→ **Collected material**
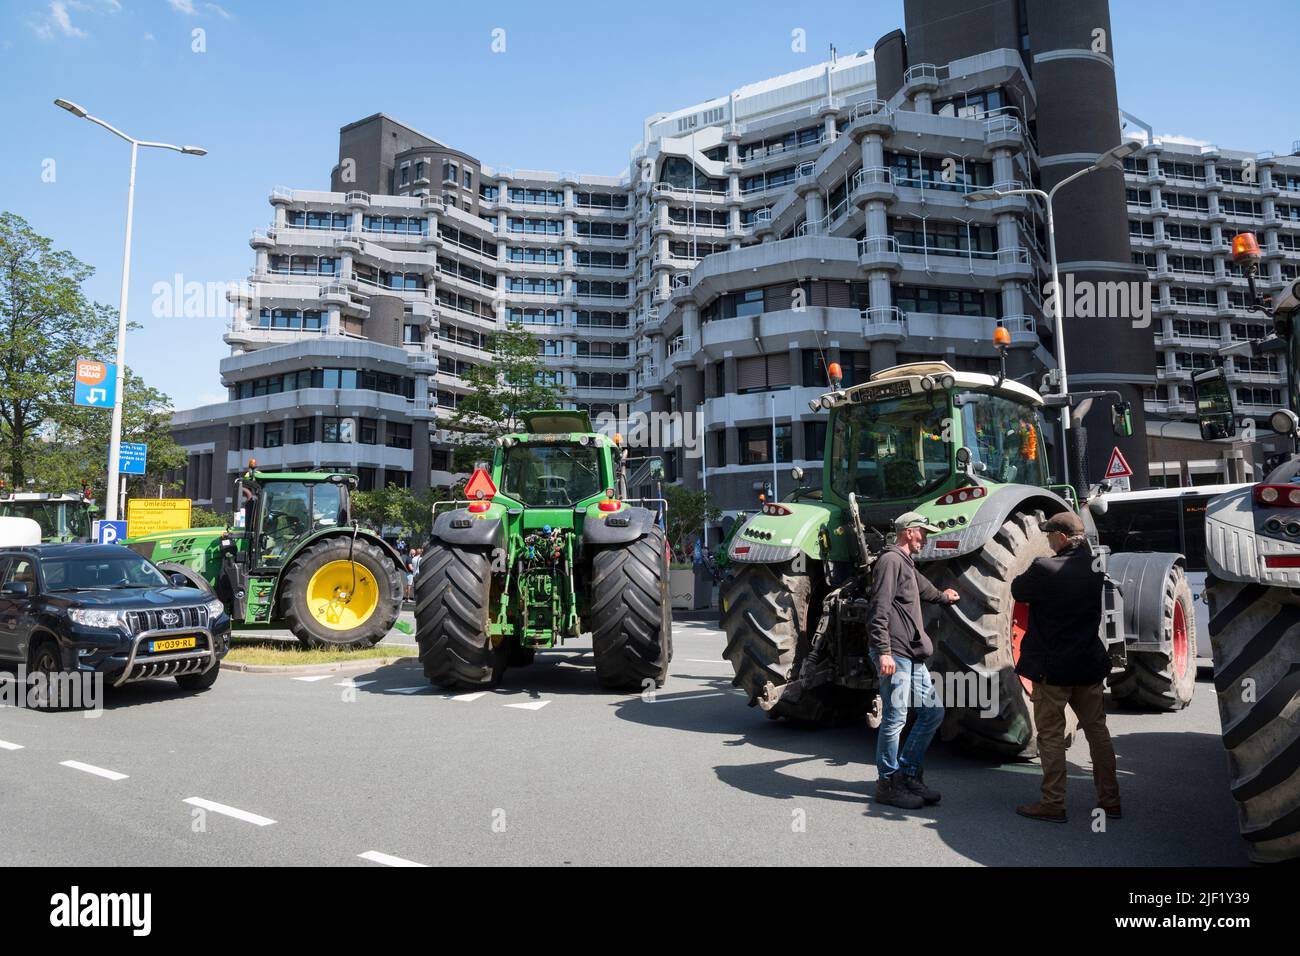 28-06-2022 Den Haag, Niederlande.Landwirte protestieren gegen Maßnahmen zur Senkung der Stickstoffemissionen. Aufgrund dieser Maßnahmen werden viele Bauern aus dem Geschäft genommen.Nachdem die Bauern gegangen waren, marschierten andere Demonstranten in die Stadt, wurden aber von der Polizei eingekistelt und einige Festnahmen wurden vorgenommen. Stockfoto
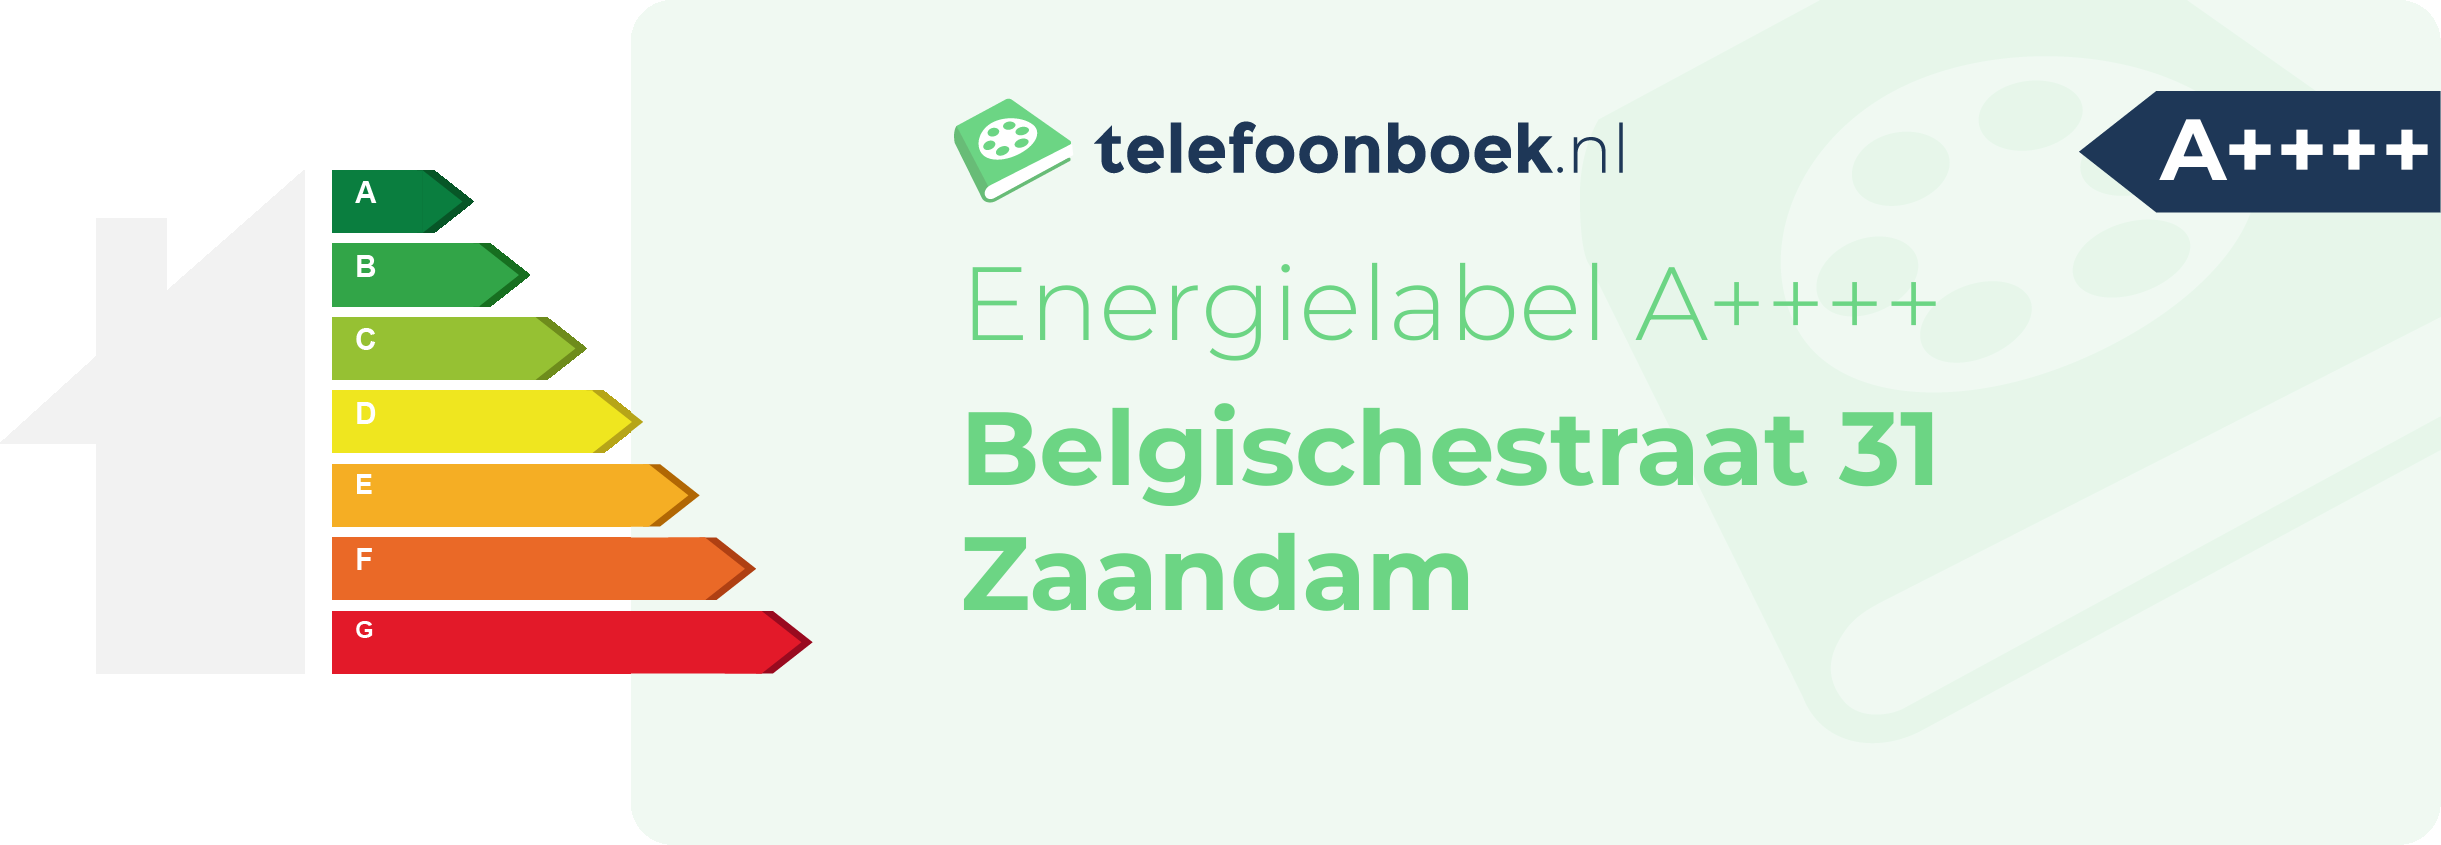 Energielabel Belgischestraat 31 Zaandam
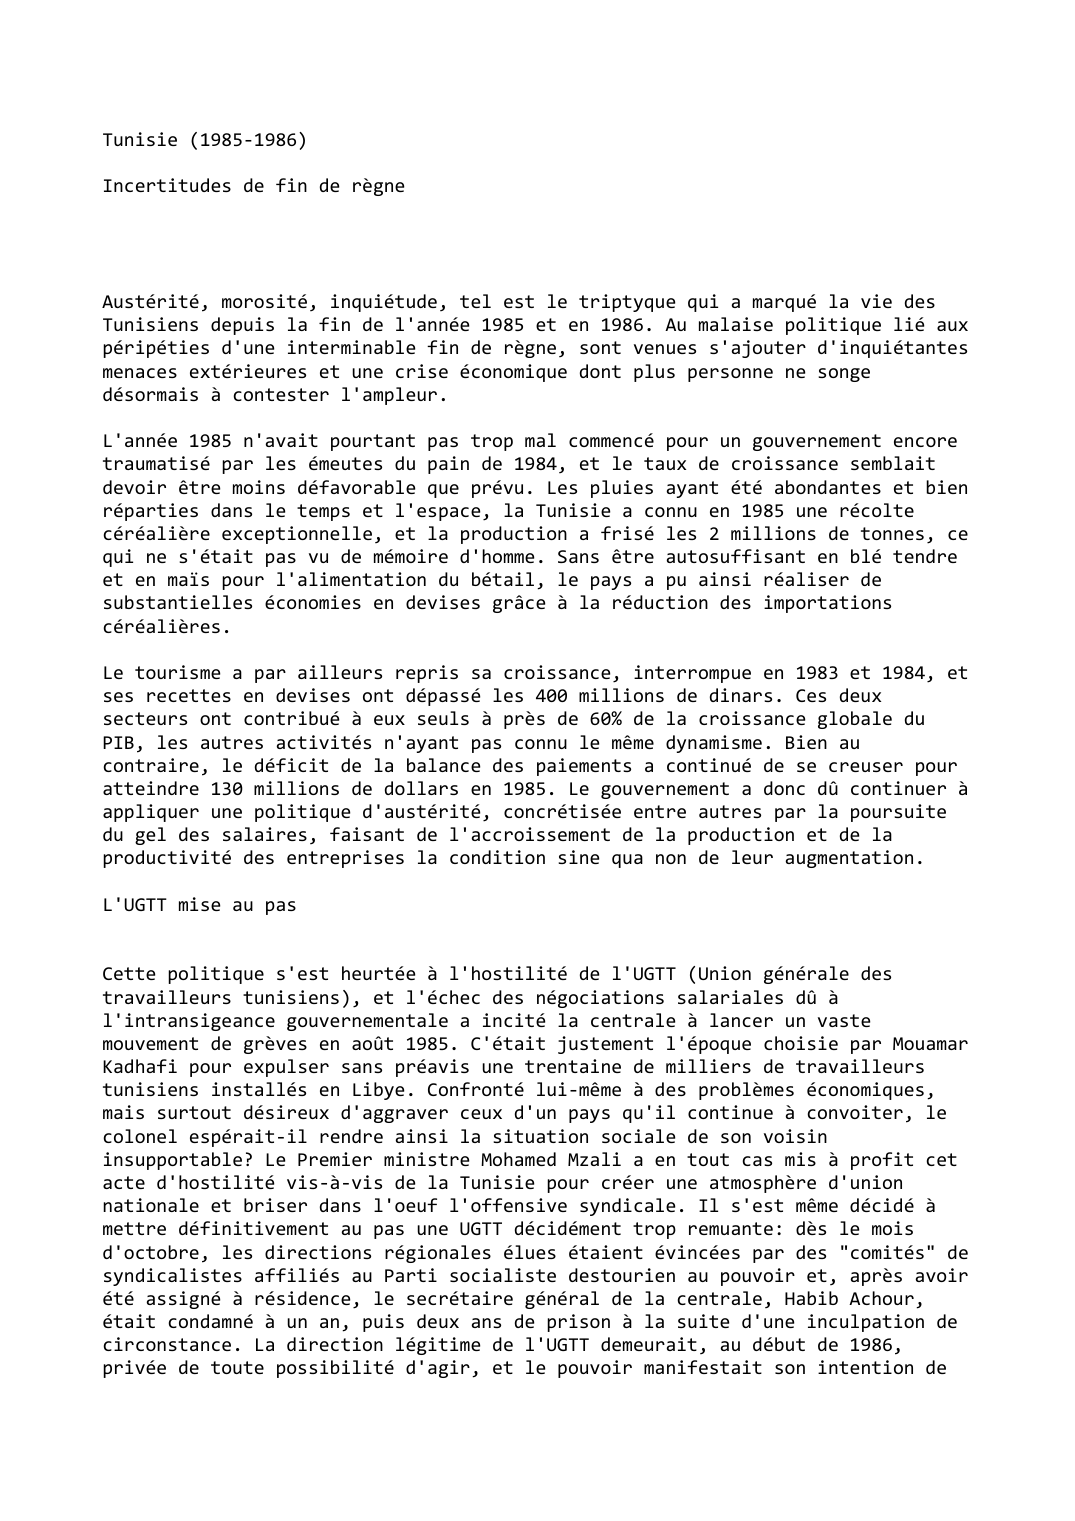 Prévisualisation du document Tunisie (1985-1986)

Incertitudes de fin de règne

→ **Task objective**
Output all the material exactly. The pictures are to be left out.

→ **Solution for this exercise**
 28-06-2022 Den Haag, Niederlande.Landwirte protestieren gegen Maßnahmen zur Senkung der Stickstoffemissionen. Aufgrund dieser Maßnahmen werden viele Bauern aus dem Geschäft genommen.Nachdem die Bauern gegangen waren, marschierten andere Demonstranten in die Stadt, wurden aber von der Polizei eingekistelt und einige Festnahmen wurden vorgenommen. Stockfoto
 Energielabel Belgischestraat 31 Zaandam
 Prévisualisation du document Tunisie (1985-1986)

Incertitudes de fin de règne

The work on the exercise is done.